Dans l’univers de Star Wars, les droïdes sont des robots autonomes aux formes et designs variés. R2-D2 est bien sûr le plus connu – et sûrement le plus apprécié –, tout comme BB-8 qui a également eu son petit succès après l’épisode VII. Versions télécommandées, en maquettes miniatures, sous forme de réveil ou même en télé-projecteur : on ne compte plus les produits dérivés de ces personnages animés par la seule force des sons qu’ils émettent.

Chez les constructeurs, si chaque robot est unique, ils respectent tous une règle : d’être à l’échelle 1. Pour le reste, à chacun son rythme, son budget, ses choix de matériaux et de design. Raphael est président du club français : « Nous ne sommes pas tous des ingénieurs. Certains utilisent des fonctions très simples, comme on/off, mettent  un module pour accélérer,  pouvoir tourner… Ce sont des choix qui appartiennent à la personne qui construit son robot qui définit ce qu’elle veut ou ne veut pas en faire. »
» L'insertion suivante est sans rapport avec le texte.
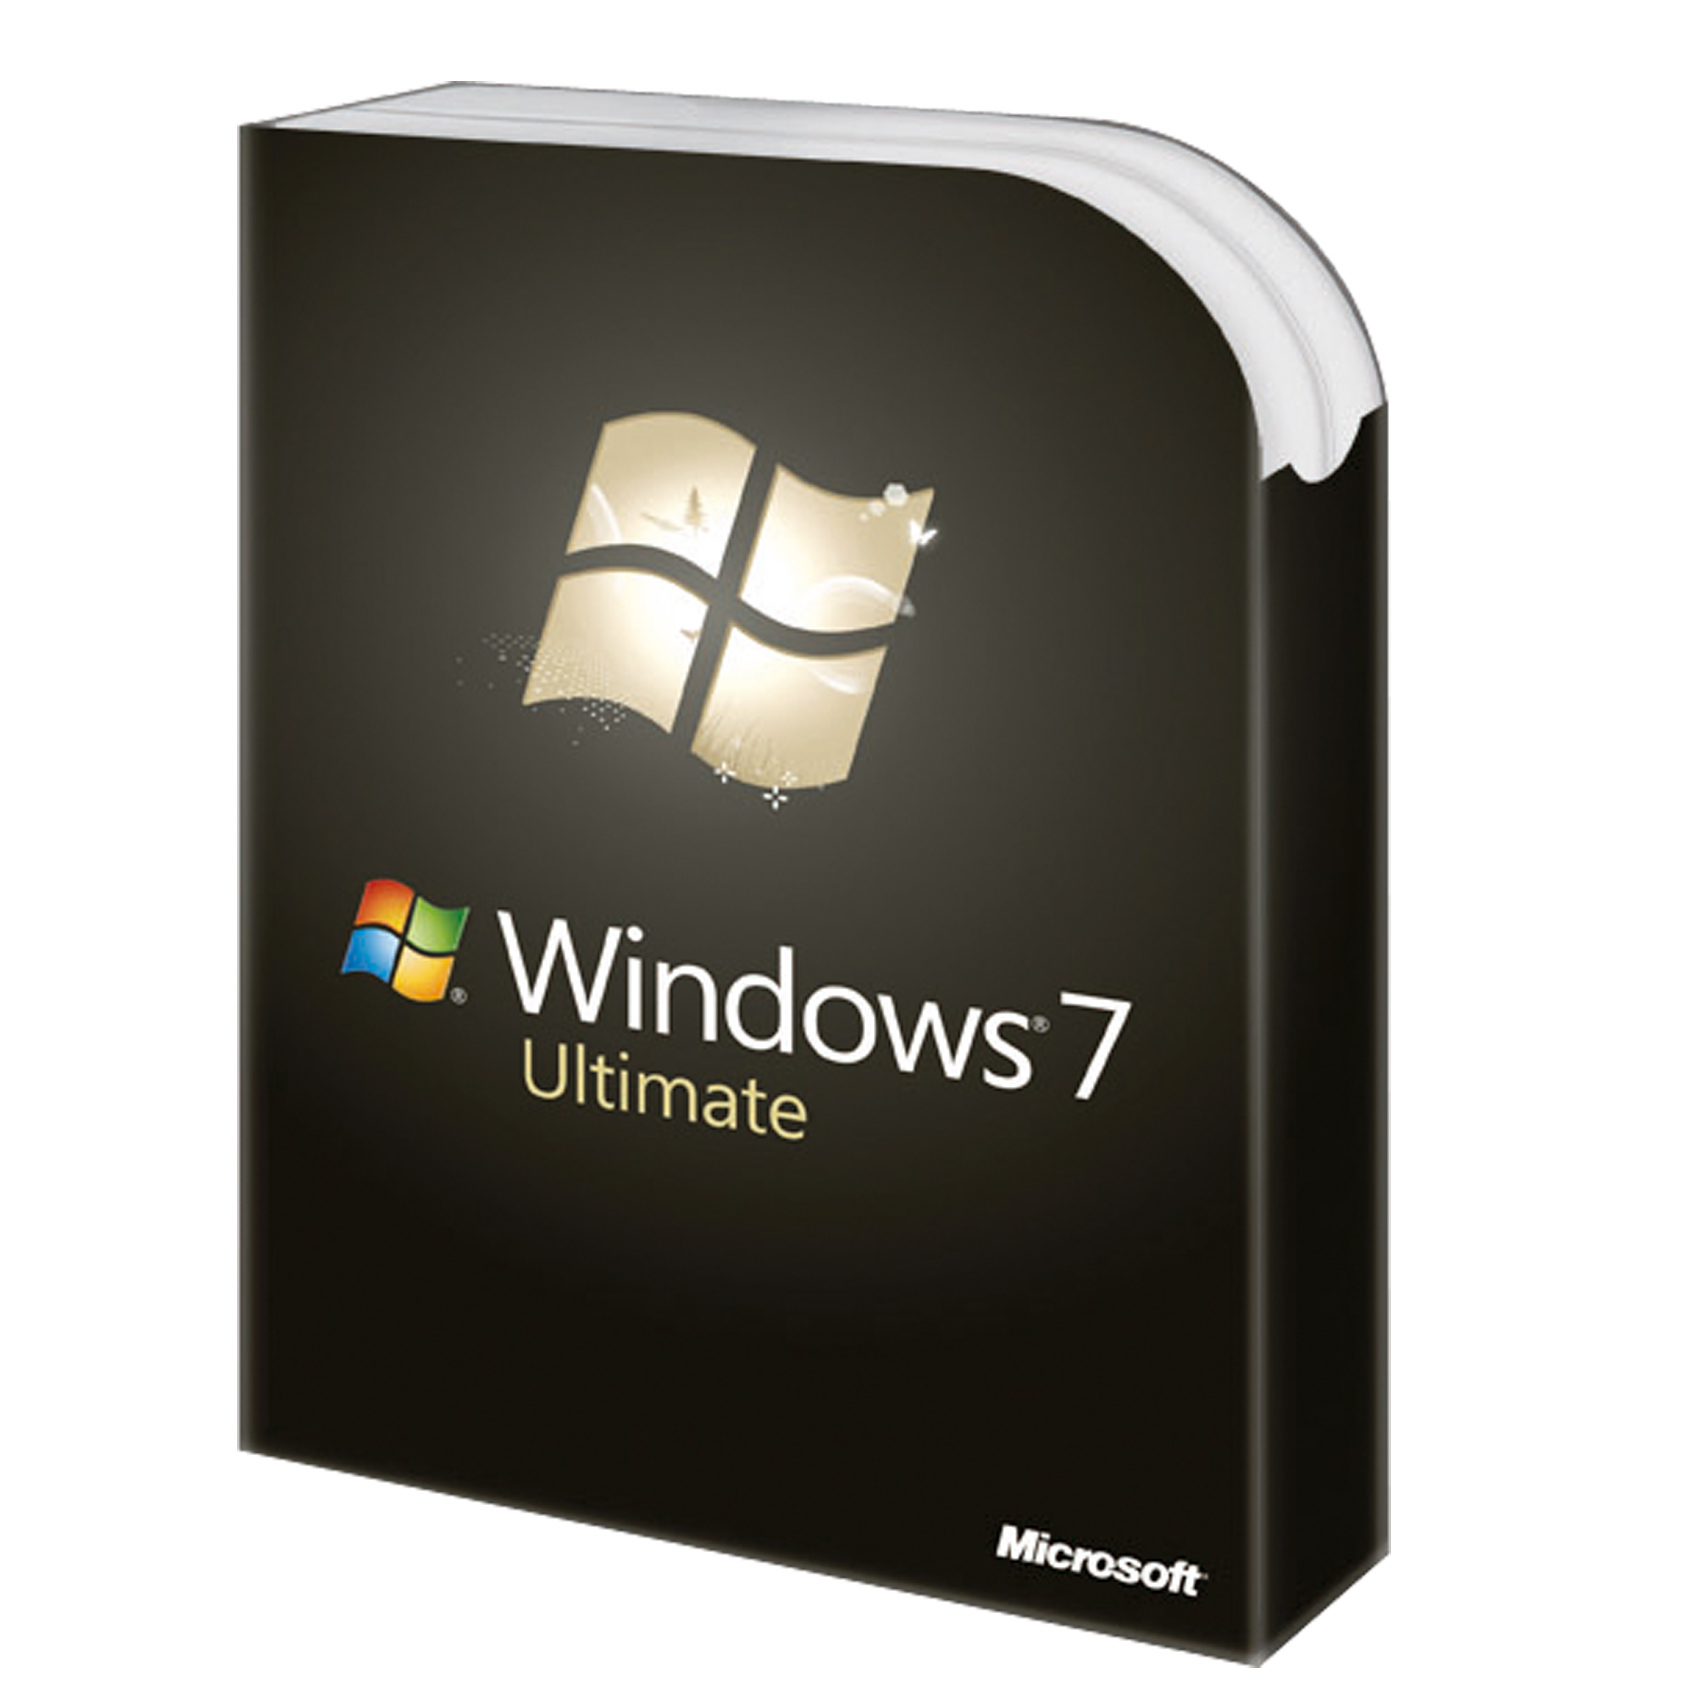 win 7 ultimate 64 bit download free

Informaticien, photographe, garde-forestier, sculpteur, technicien de maintenance… les profils des constructeurs sont aussi divers que les droïdes qu’ils créent. S’ils sont tous passionés de robots, ils ne le sont pas tous forcément de Star Wars. « Certains sont fans de la partie électronique, de la robotique, mais pas forcément du film. C’est surtout le plaisir de construire un robot ! », précise Sylvain, membre de l’association. Avec à peu près trois à quatre nouveaux constructeurs par mois, autant se retirent de l’association après avoir fini leur robot – ou après avoir abandonné. « C’est un roulement, constate Raphael. Certains le gardent ensuite chez eux où il ne bouge plus, d’autres le font rouler régulièrement dans des conventions ou des salons. » Mais contrairement au personnage de Star Wars, ils ne bougent pas sans leur maître : « On s’abstient de parler d’autonomie et on s’interdit de laisser le robot autonome. Ce serait trop dangereux. Le mien pèse quand même 65 kg ! »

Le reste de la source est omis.